Can layoffs spike as recession is already here? ›

Layoffs could spike as one labor-market indicator says a recession is already here, market forecaster says. The US may already be in a recession, according to Danielle DiMartino Booth. A steady rise in the unemployment rate above cycle lows signals a recession, she said.

Is the tech market going to recession in 2024? ›

Recent facts and what to expect in 2024. By the end of 2023, most experts in the tech economy agreed that the major tech recession should be over by 2024.

What time of year do most layoffs happen? ›

Data supplied to Fast Company from the firm shows that between 1993 and 2012, January was the month that saw the most layoffs. And since then, April and May tend to be the most popular months for layoffs, with April seeing a monthly average of more than 100,000 layoffs between 2013 and 2023.

What companies layoffs during a recession? ›

A slew of companies across the tech, media, finance, and retail industries made significant cuts to staff in 2023. Tech titans like IBM, Google, Microsoft, finance giants like Goldman Sachs, and manufacturers like Dow all announced layoffs.

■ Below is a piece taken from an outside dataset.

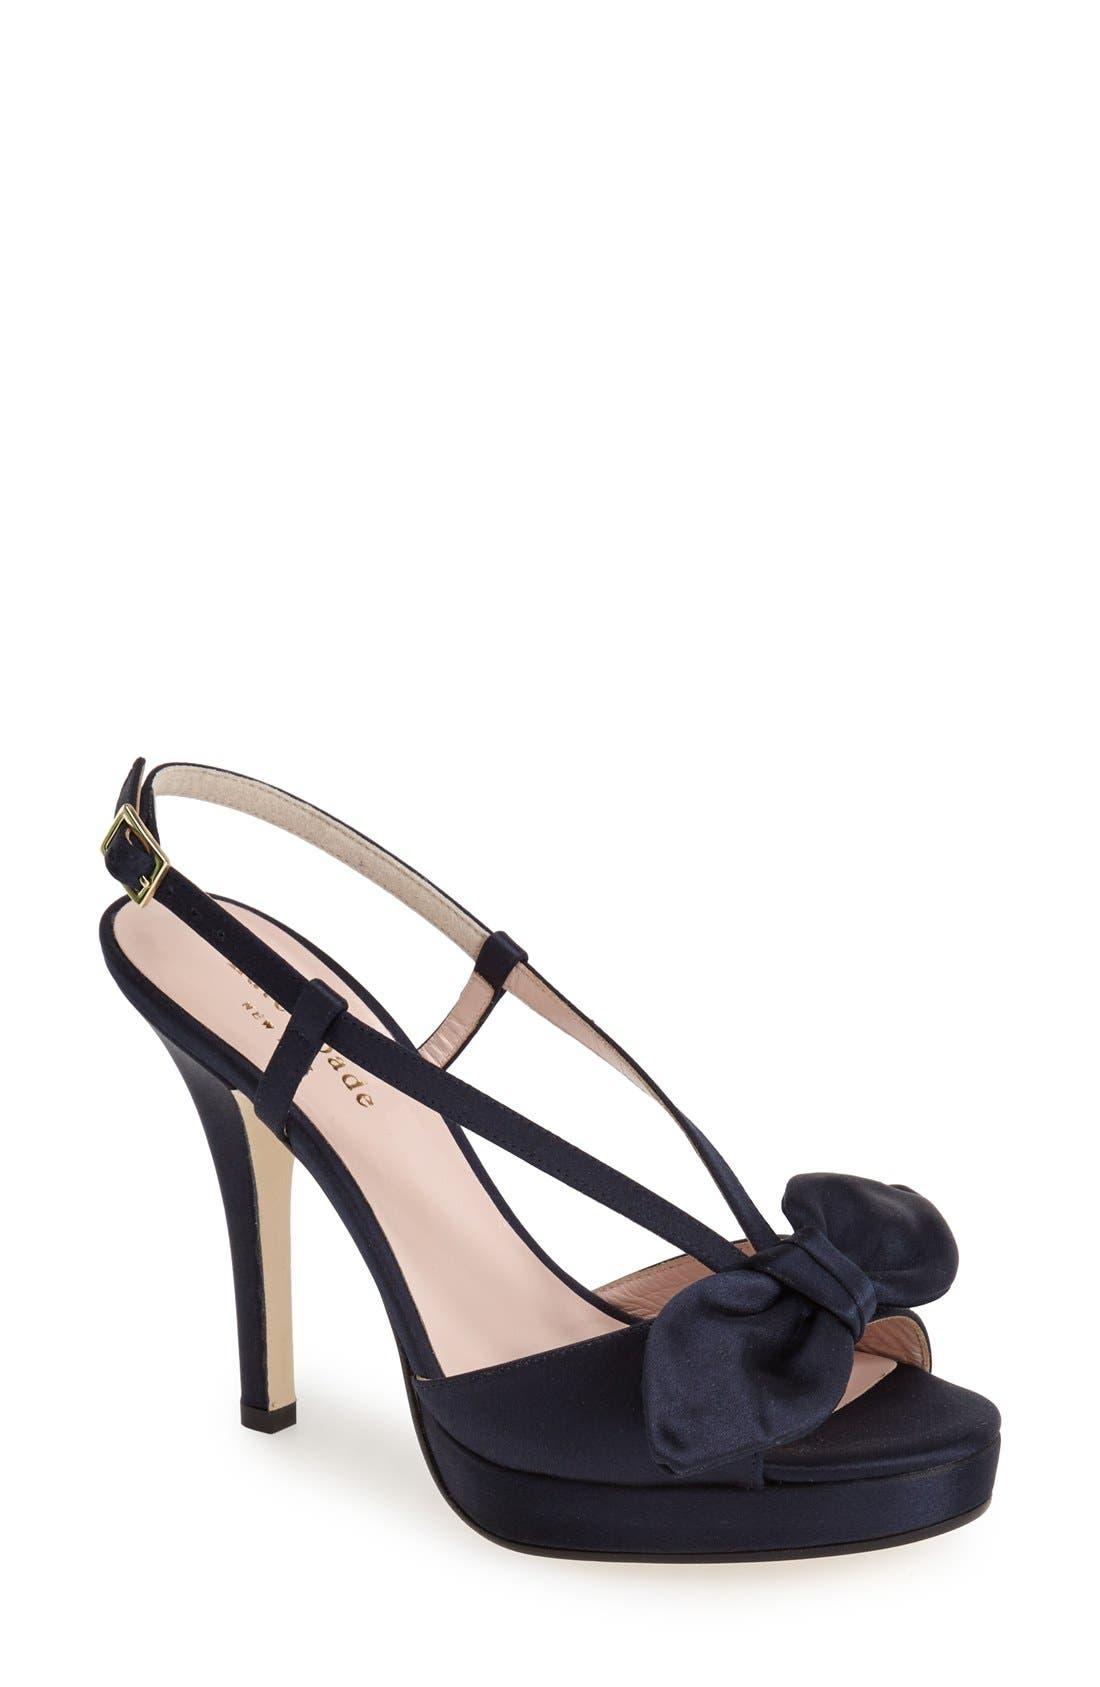 Alternate Image 1 Selected - kate spade new york 'rezza' platform sandal (Women)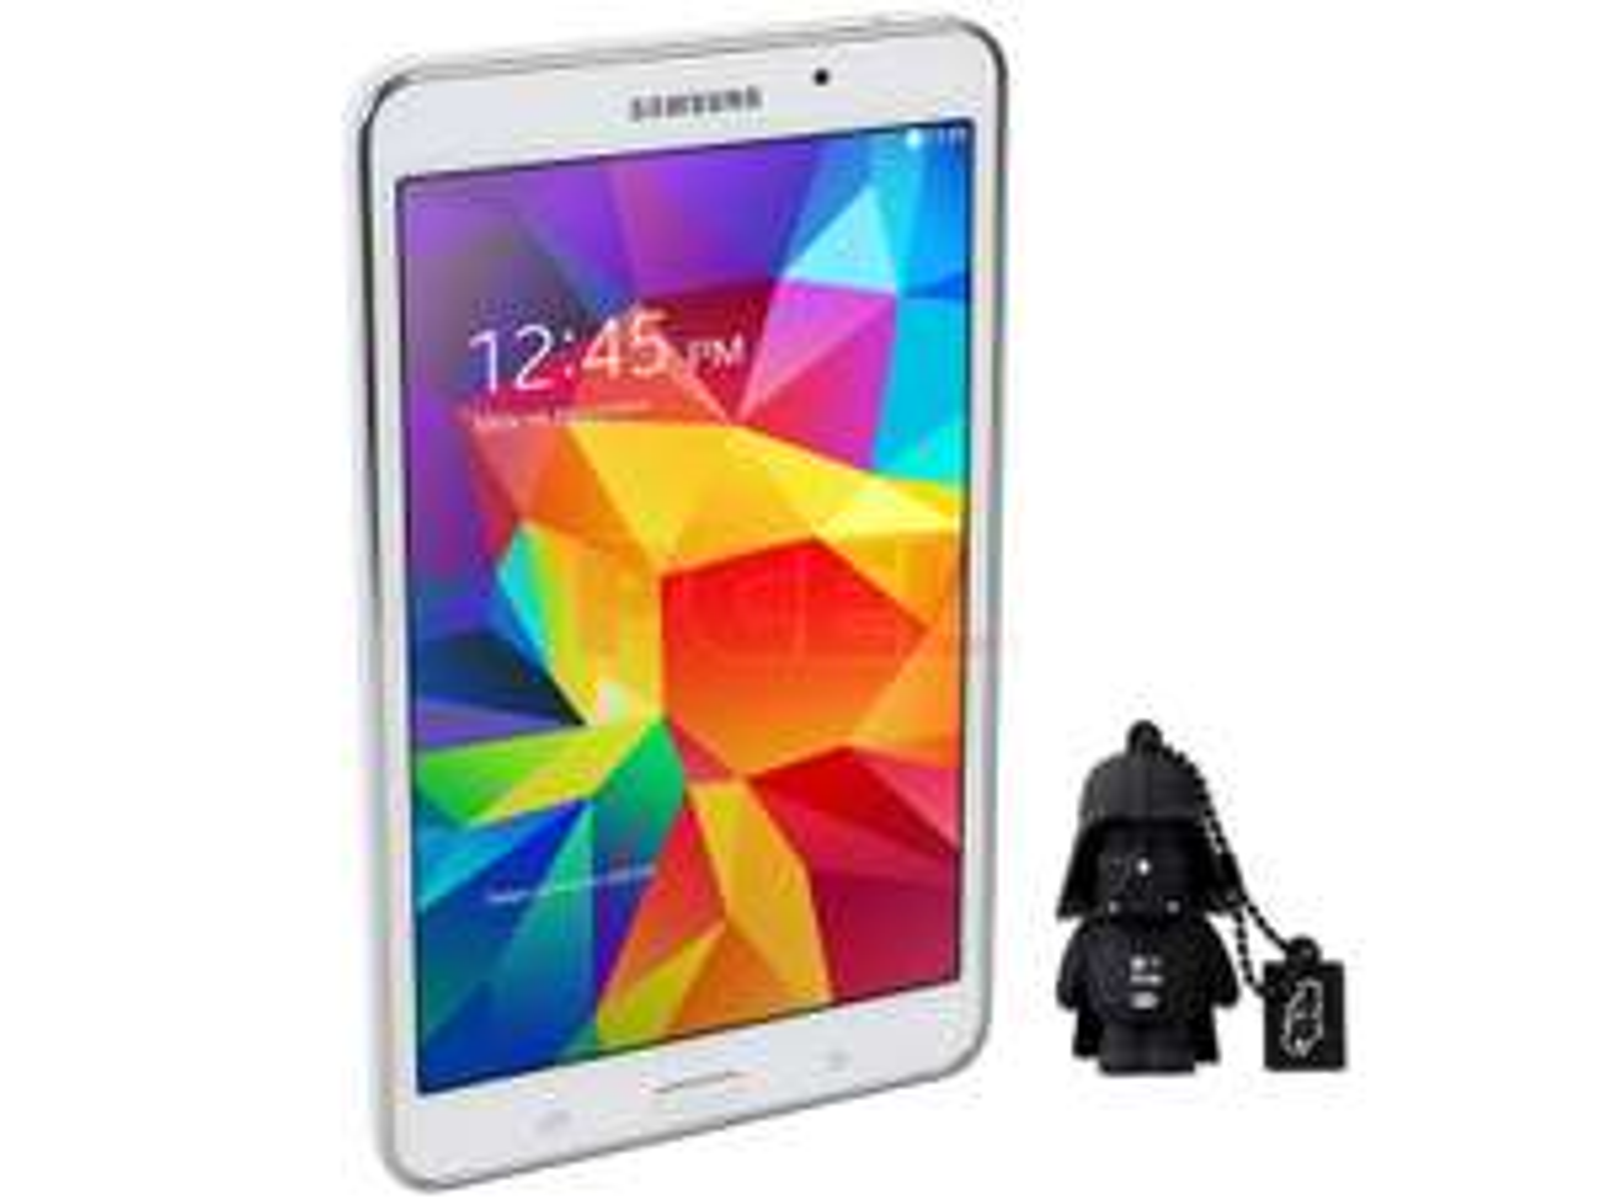 Pcel: Samsung GALAXY Tab 4 + USB Tribe Darth Vader

How far in advance do companies plan layoffs? ›

Notice of Layoffs

Many companies will contact the Rapid Response team to notify them of a layoff and invite them to come on-site to help the workers who will be laid off. In some cases, employers are required to provide 60-days notice before a layoff.

What is the most likely day for layoffs? ›

Tuesday or Wednesday are ideal dates to host a layoff event, providing surviving employees with one full workday to complete tasks, discuss transition issues with HR or legal, and prepare for their new roles within the company.